- _Collected data_
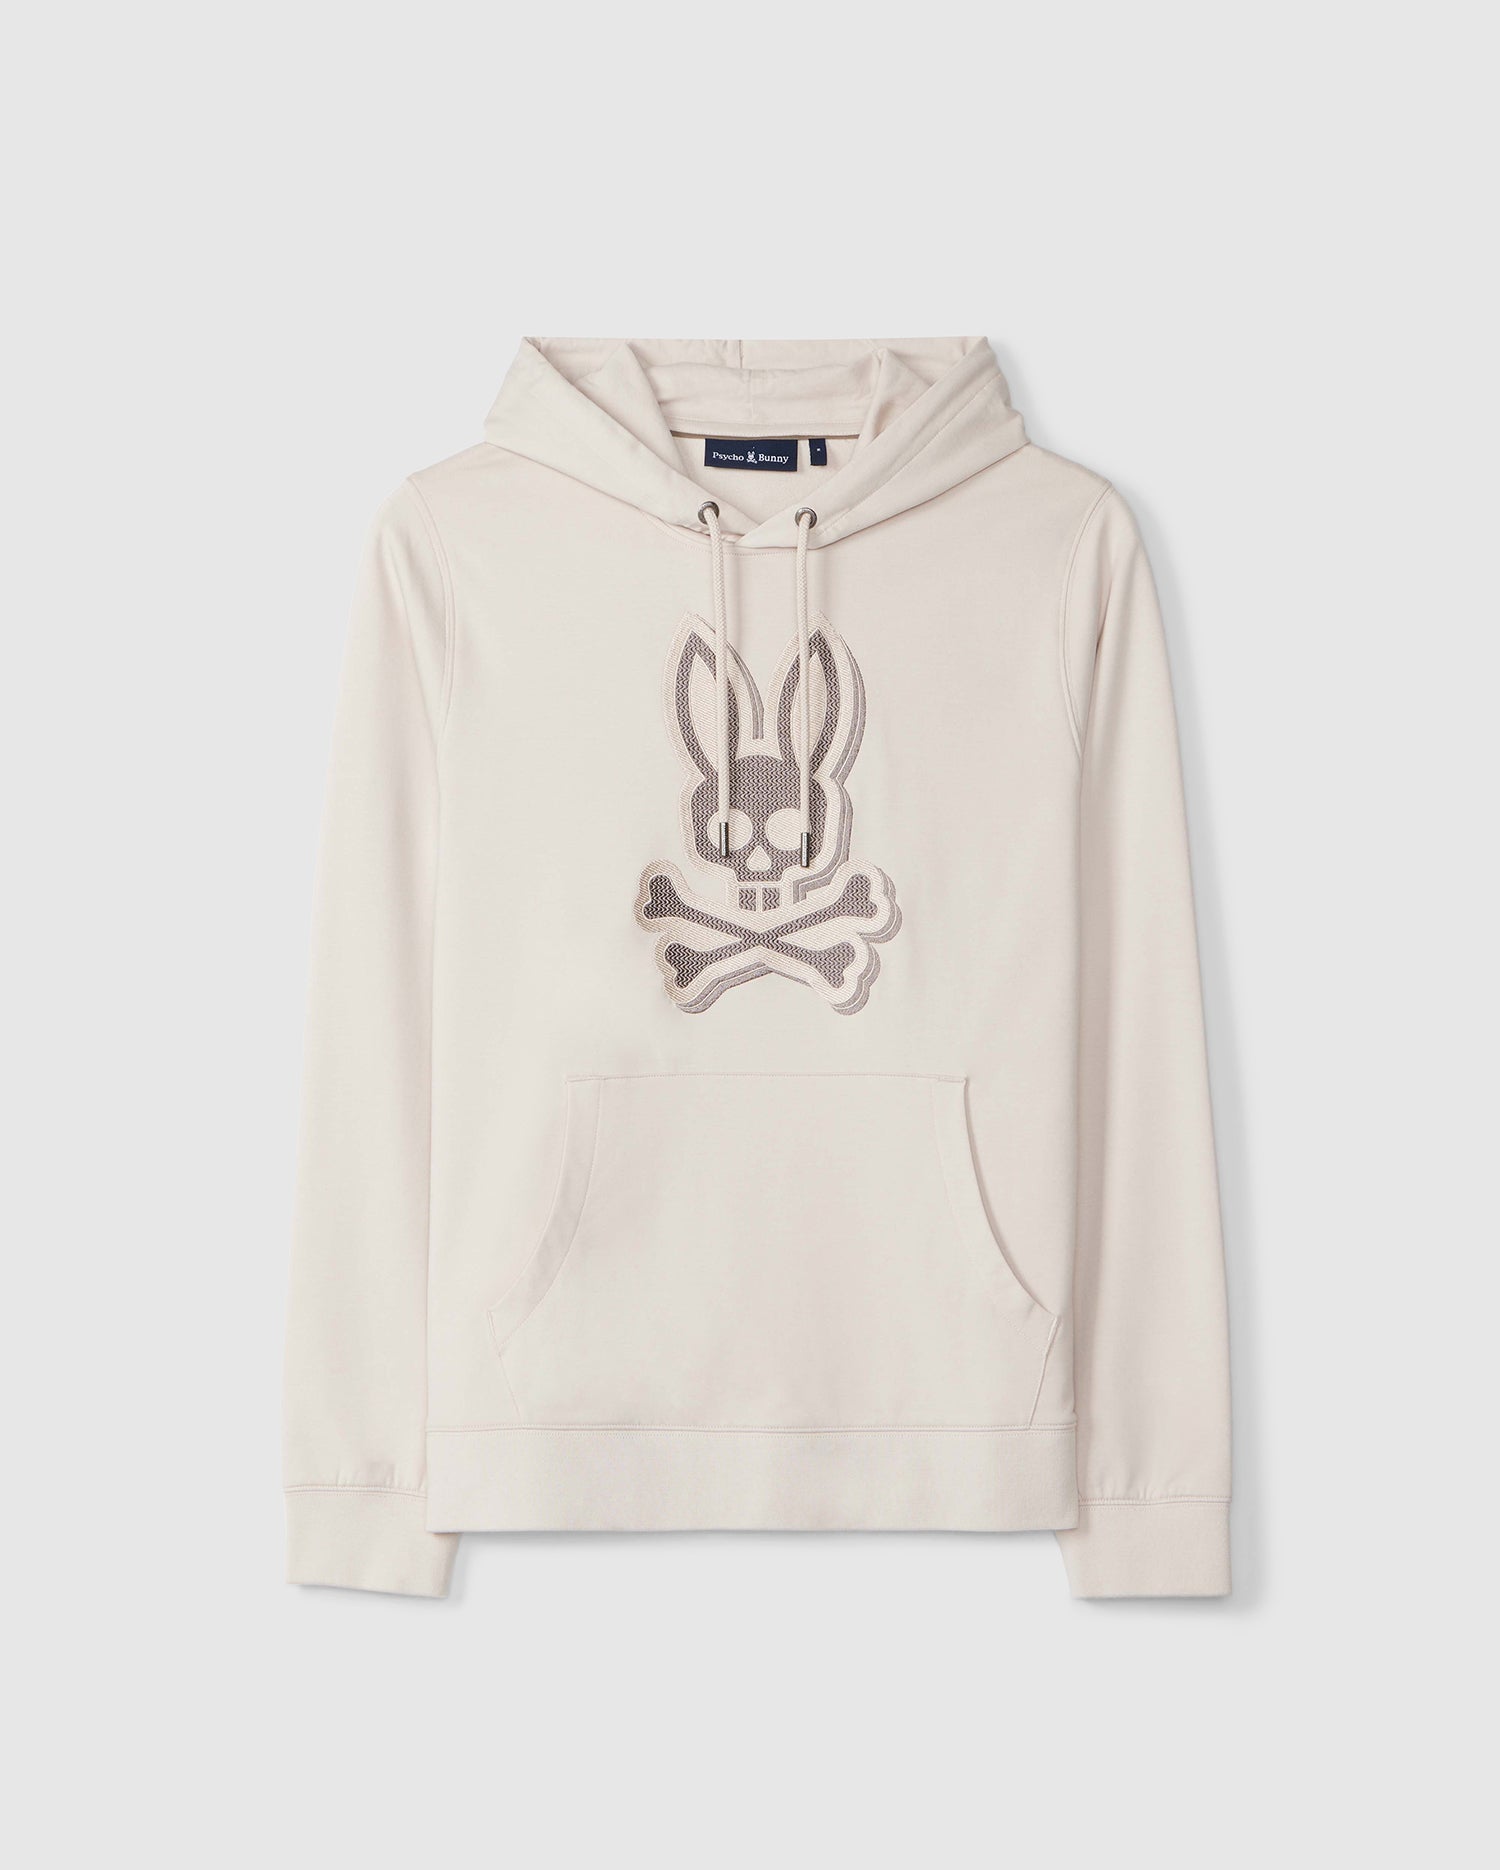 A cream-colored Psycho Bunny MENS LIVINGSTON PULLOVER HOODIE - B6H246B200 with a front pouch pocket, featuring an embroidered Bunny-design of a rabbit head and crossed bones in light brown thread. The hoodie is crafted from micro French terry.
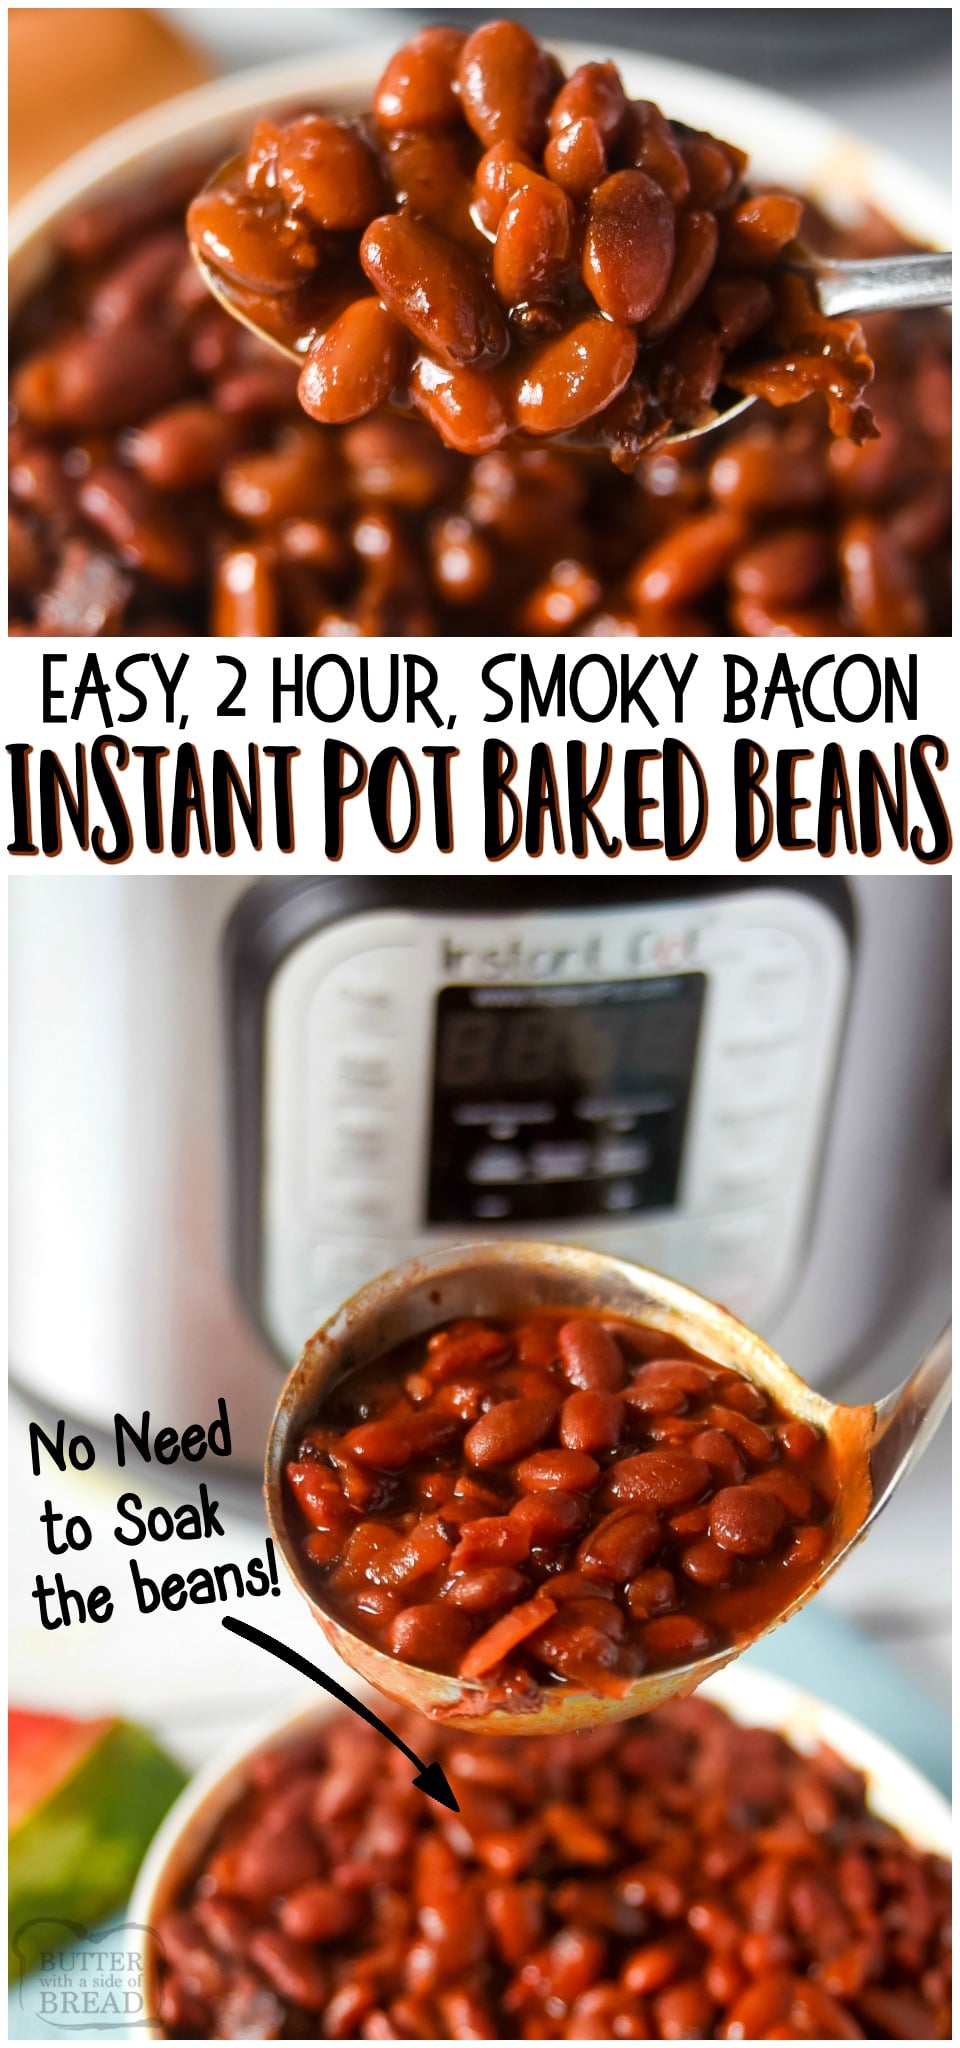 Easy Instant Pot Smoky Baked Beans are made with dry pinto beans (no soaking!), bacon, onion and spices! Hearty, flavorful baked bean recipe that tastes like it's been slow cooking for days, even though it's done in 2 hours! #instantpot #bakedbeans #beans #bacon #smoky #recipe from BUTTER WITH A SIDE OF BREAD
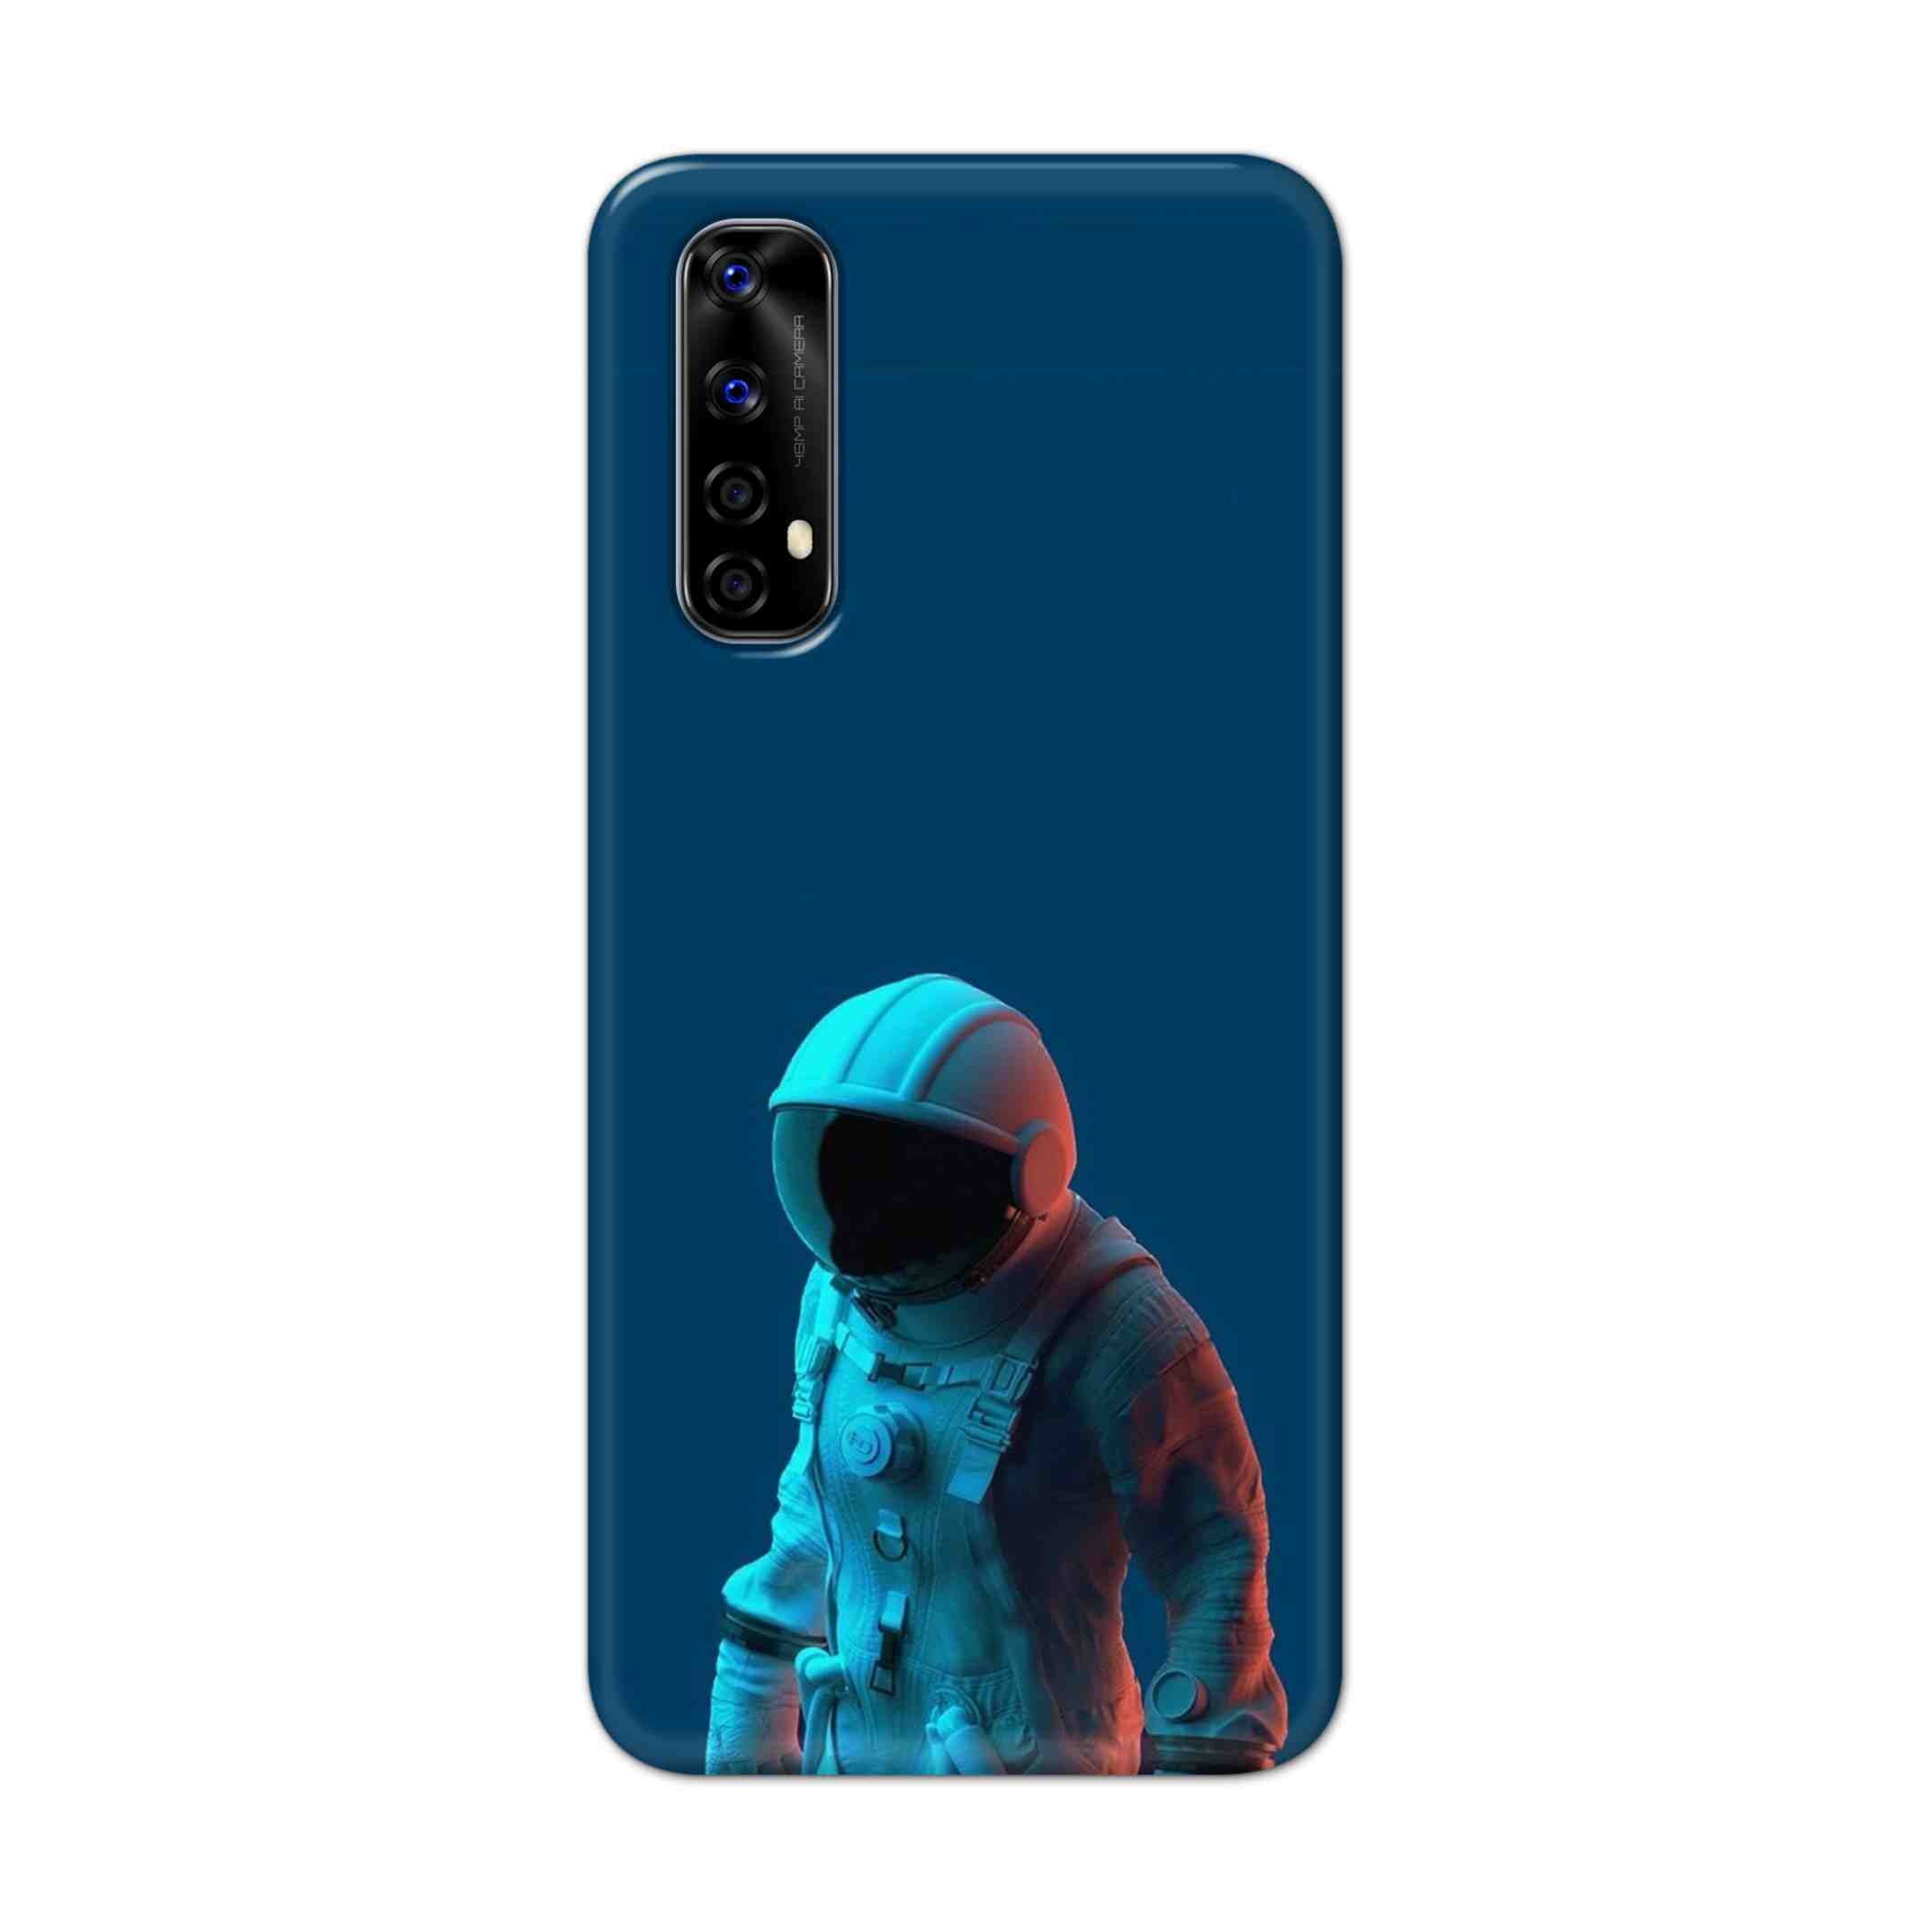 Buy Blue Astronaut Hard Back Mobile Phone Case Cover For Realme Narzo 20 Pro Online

- _Work to be completed_
Retype the full listing exactly; pictures stay out.

- _Exercise output_
 A cream-colored Psycho Bunny MENS LIVINGSTON PULLOVER HOODIE - B6H246B200 with a front pouch pocket, featuring an embroidered Bunny-design of a rabbit head and crossed bones in light brown thread. The hoodie is crafted from micro French terry.
 Easy Instant Pot Smoky Baked Beans are made with dry pinto beans (no soaking!), bacon, onion and spices! Hearty, flavorful baked bean recipe that tastes like it's been slow cooking for days, even though it's done in 2 hours! #instantpot #bakedbeans #beans #bacon #smoky #recipe from BUTTER WITH A SIDE OF BREAD
 Buy Blue Astronaut Hard Back Mobile Phone Case Cover For Realme Narzo 20 Pro Online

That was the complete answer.